The 8008 was Intel's first 8-bit microprocessor, introduced in 1972. While primitive by today's standards, the 8008 is historically important because it essentially started the

microprocessor revolution

and is the ancestor of the modern x86 processor family. I've been studying the 8008's silicon die under the microscope and reverse-engineering its circuitry.

The die photo below shows the main functional blocks1 including the registers, instruction decoder, and on-chip stack storage. The 8-bit arithmetic logic unit (ALU) is on the left. Above the ALU is the carry-lookahead generator, which improves performance by computing the carries for addition, before the addition takes place. It's a bit surprising to see carry lookahead implemented in such an early microprocessor. This blog post explains how the carry circuit is implemented.

The Intel 8008 die with key functional blocks labeled. Click for a larger version.

The Intel 8008 die with key functional blocks labeled. Click for a larger version.

Most of what you see in the die photo is the greenish-white wiring of the metal layer on top. Underneath the metal is polysilicon wiring, providing more connections as well as implementing transistors. The chip contains about 3500 tiny transistors, which appear as brighter yellow. The underlying silicon substrate is mostly obscured; it is purplish-gray. Around the edges of the die are 18 rectangular pads; these are connected by tiny bond wires to the external pins of the integrated circuit package (below).

An 8008 integrated circuit in an 18-pin DIP (dual inline package). The package is very scratched, but I didn't see the point in paying for mint condition for a chip I was immediately going to decap.

An 8008 integrated circuit in an 18-pin DIP (dual inline package). The package is very scratched, but I didn't see the point in paying for mint condition for a chip I was immediately going to decap.

The 8008 was sold as a small 18-pin DIP (dual inline package) integrated circuit. 18 pins is an inconveniently small number of pins for a microprocessor, but Intel was committed to small packages at the time.2 In comparison, other early microprocessors typically used 40 pins, making it much easier to connect the data bus, address bus, control signals, and power to the processor.

Addition

The heart of a processor is the arithmetic-logic unit (ALU), the functional block that performs arithmetic operations (such as addition or subtraction) and logical operations (such as AND, OR, and XOR). Addition was the most challenging operation to implement efficiently because of the need for carries.3

Consider how you add two decimal numbers such as 8888 and 1114, with long addition. Starting at the right, you add each pair of digits (8 and 4), write down the sum (2), and pass any carry (1) along to the left. In the next column, you add the pair of digits (8 and 1) along with the carry (1), writing down the sum (0) and passing the carry (1) to the next column. You repeat the process right-to-left, ending up with the result 10002. Note that you have to add each position before you can compute the next position.

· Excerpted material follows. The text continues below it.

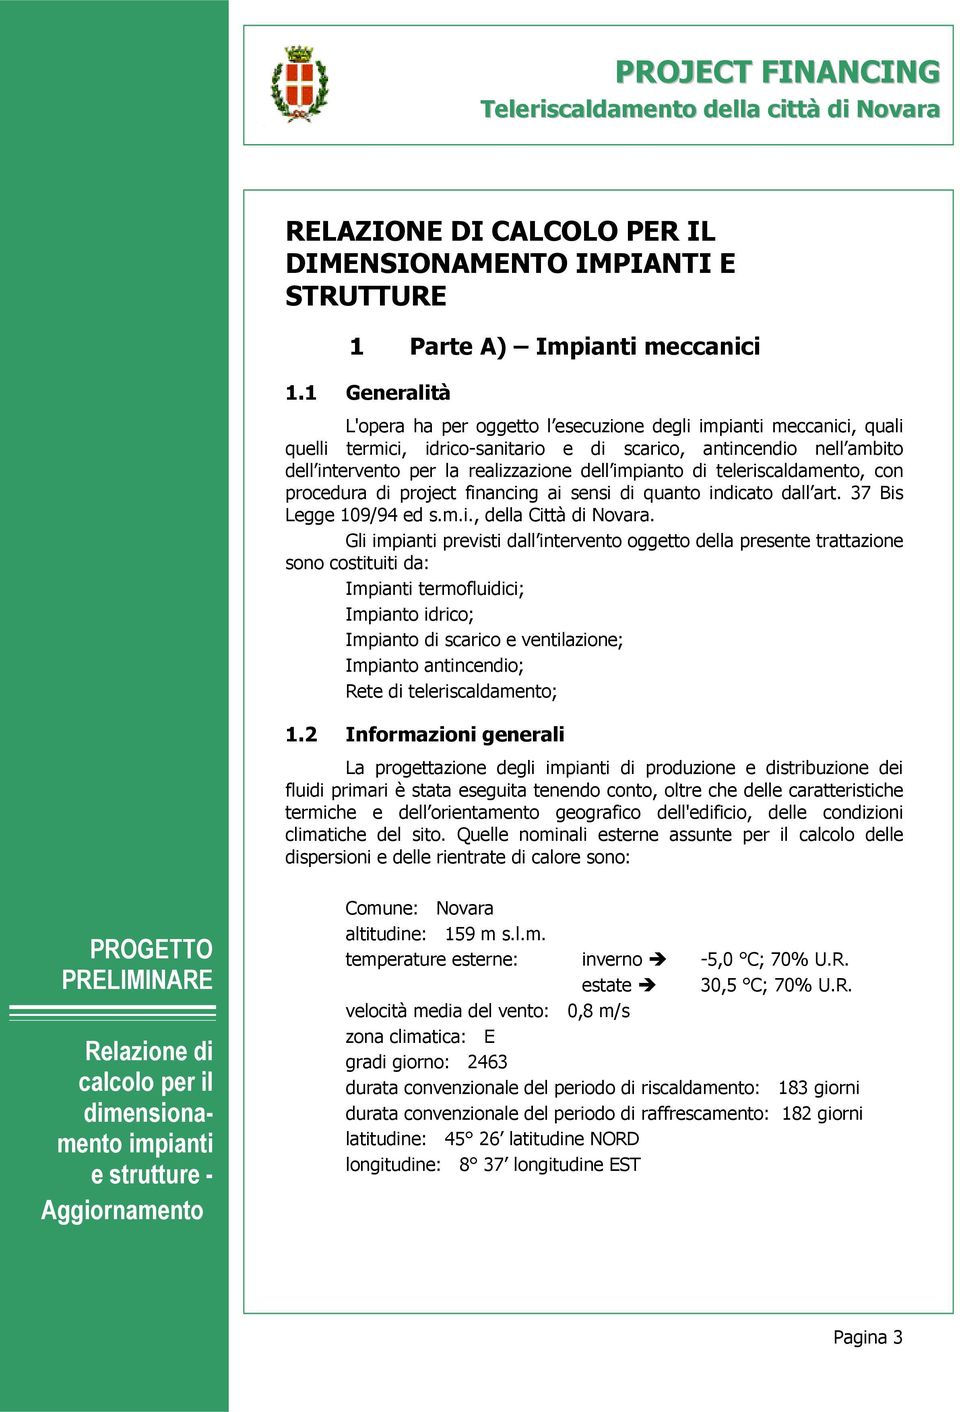 teleriscaldamento, con procedura di project financing ai sensi di quanto indicato dall art. 37 Bis Legge 109/94 ed s.m.i., della Città di Novara.

Binary numbers can be added in a similar way with a circuit called a ripple-carry adder that was used in many early microprocessors. Each bit is computed by a full adder, which takes two input bits and a carry and produces the sum bit and a carry-out. For instance, adding binary 1 + 1 with no carry-in yields 10, for a sum bit of 0 and a carry-out of 1. Each carry-out is added to the bit position to the left, just like decimal long addition.

The problem with ripple carry is if you add, say, 11111111 + 1, you need to wait as the carry "ripples" through the sum from right to left. This makes addition a slow serial operation instead of a parallel operation. Even though the 8008 only performs addition on 8-bit numbers, this delay would slow the processor too much. The solution was a carry lookahead circuit that rapidly computes the carries for all eight bit positions. Then the sum can be calculated in parallel without waiting for carries to ripple through the bits. According to 8008 designer Hal Feeney, "We built the carry look-ahead logic because we needed the speed as far as the processor is concerned. So carry look ahead seemed like something we could integrate and have fairly low real estate overhead and, as you see, the whole carry look ahead is just a very small portion of the chip."

Implementing carry lookahead

The idea of carry lookahead is that if you can compute all the carry values in advance, then you can rapidly add all the bit positions in parallel. But how can you compute the carries without performing the addition? The solution in the 8008 was to build a separate circuit for each bit position to compute the carry based on the inputs.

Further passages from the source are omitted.